For this problem, imagine the x variable to be the number of people, and the y variable to be the cost. The main reason for this is because you generally want to know how much a certain number of people would cost, but not vice versa.
Generally, the variable you already have would be the x, since you want something where you know the number of people and can find out the cost from there.
Seeing as you're given a set point (which in this case would be that 500 people cost $7200) and a way to tell the rate of change (For each increase of 50 people, the cost will increase by $400), we can use what's called the point-slope form. This is ideal when you know the rate of change for a linear problem already, and have one point that fits it.
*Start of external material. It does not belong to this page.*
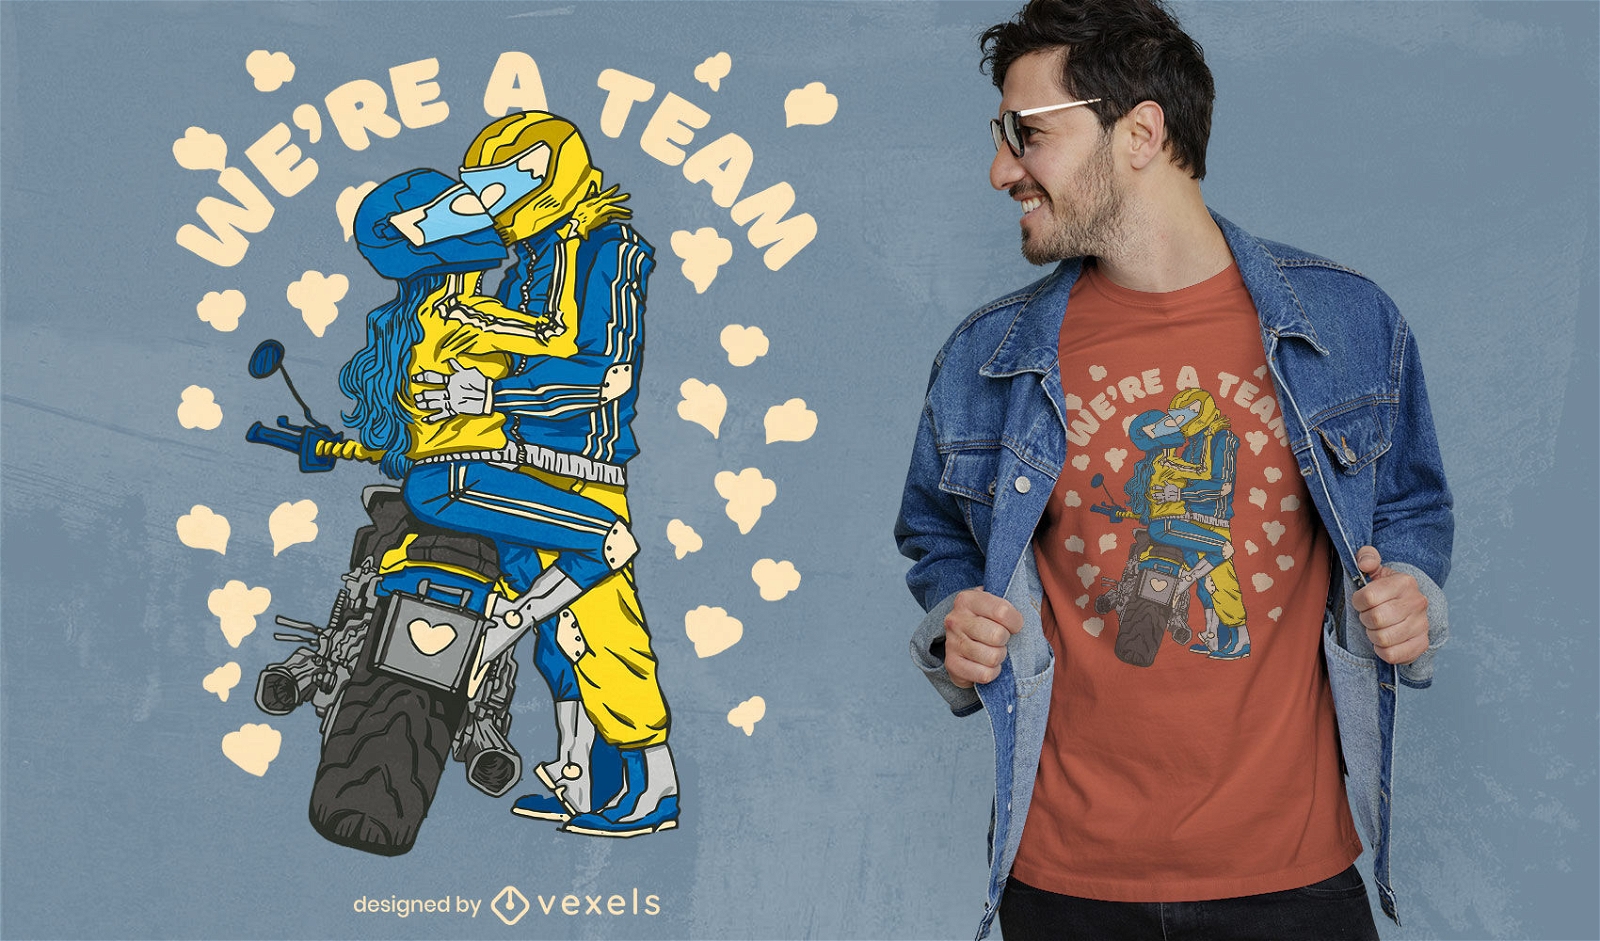 Dise?o de camiseta de pareja de motociclistas enamorados.

For the point-slope form, you need three things: The x and y coordinates of the given point, and the slope that indicates change.
Now you know that the given point, as stated earlier, is 500 people cost $7200. It isn't the 50 people cost $400 because that indicates for increasing by those amounts, and change is counted in the slope. Since we already established that people are x, and cost is y, the point can be written as (500,7200), where x of the point = 500 and y of the point = 7200.
Now the slope indicates the change in the linear equation, so anything that talks about change can be used to get the slope. In point-slope form, the slope is usually change in y divided by change in x. This problem says that for every 50 people increase (the change in x), there is an increase of $400 (the change in y). We can thus get that the slope is 400 / 50, or 8.
The point-slope form is always y = (slope) * ( x - (x of the point)) + (y of the point) or y- (y of the point) = (slope) * (x-(x of the point)). We'll be using the first format here, although you can use whichever you want since they're both the same essentially. Since we have all of this information, we can tell that y = 8(x-500) + 7200.
This problem asked for it to be written as c(q), so this means that they want the x to be written like q (the variable inside the parenteses) and y to be c(q) (the function of x). As such, we can reword the solution to this problem to be
c(q) = 8(q-500) + 7200
Note that c(q) has to be by itself to define a function, so if you ended up with c(q) - 7200 = 8 (x - 500) by using the other point-slope format, you would have to add 7200 to keep c(q) by itself on one side. This is usually a mathematical convention.
Since you were given other points, you could use those to double-check that this equation is correct. To do this, substitute the first value of the point for q and the second value in the point for c(q), and then check that the equation is true. This is important to make sure that you did the problem correctly. If you didn't, try the problem again. In this case, everything checks out.
And there you have it. A detailed solution to the problem. If you have any questions on any of the steps, please ask me. I want you to understand in detail how to solve this problem.